This article was written by Alex Steffen in January 2007. We're republishing it here as part of our month-long editorial retrospective.
Five years ago, Mark Horner had just finished giving a talk on wave phenomena at a South African science fair when a group of young scholars from a poor rural high school came up to him, asking him to proof the notes they'd taken by hand in a notebook. Mark was stunned by the comprehensive diligence reflected in the notes, and asked why the students were so attentive. They explained that they had no science texts in their school and that this notebook would be the textbook for the rest of their schoolmates. In an era of nearly free information and collaborative content creation, such a knowledge gap seemed obscene, Mark told me, and he resolved to do something about it.

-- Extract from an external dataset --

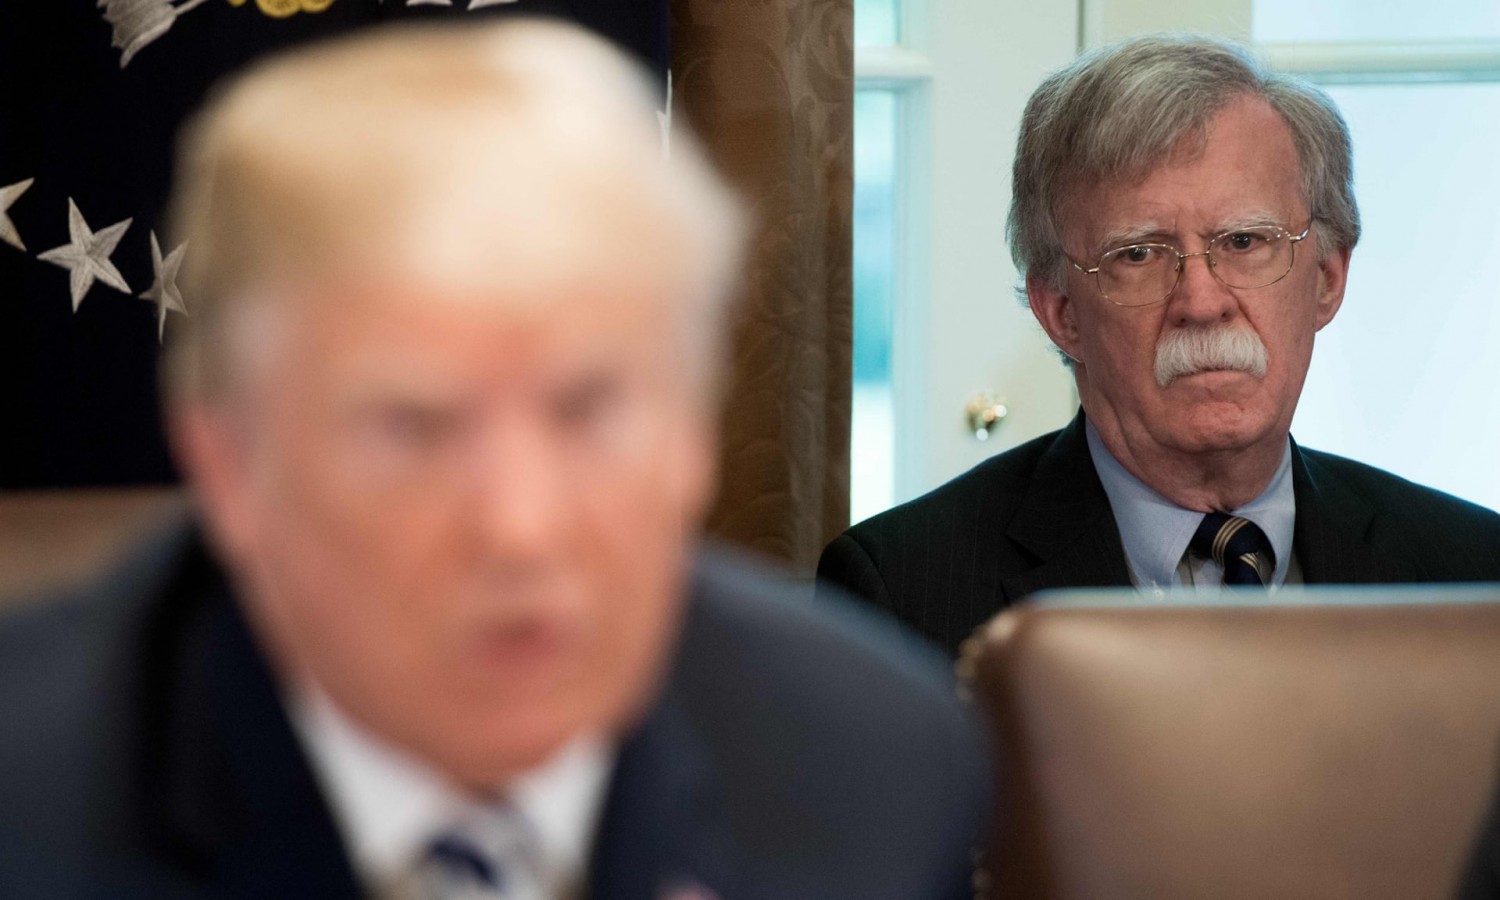  Bolton ‘played Trump like a Stradivarius’, according to one former aide. Photograph: Saul Loeb/AFP/Getty Images

The result? Free High School Science Texts, a project the South African physicist founded that "aims to provide free science and mathematics textbooks for Grades 10 to 12 science learners in South Africa." The textbooks offered are free knowledge, in the sense of both openly sharable and affordable:
The twist is that the UCT students and their helpers would expect and receive no royalties of any kind from the sale of the books. The only cost schools would have to cover, in effect, would be printing. The students hope to hurdle, in part, even that obstacle by raising funds to print an initial stack of books. (The project has already made ground in that direction, and will be showcased to potential investors at an innovation bazaar to be hosted by the Shuttleworth Foundation, founded by UCT graduate Mark Shuttleworth.)
In other words, FHSST is actually working: kids will actually be getting sharply-edited textbooks, created with the involvement of some of the best minds around, at prices their schools can afford.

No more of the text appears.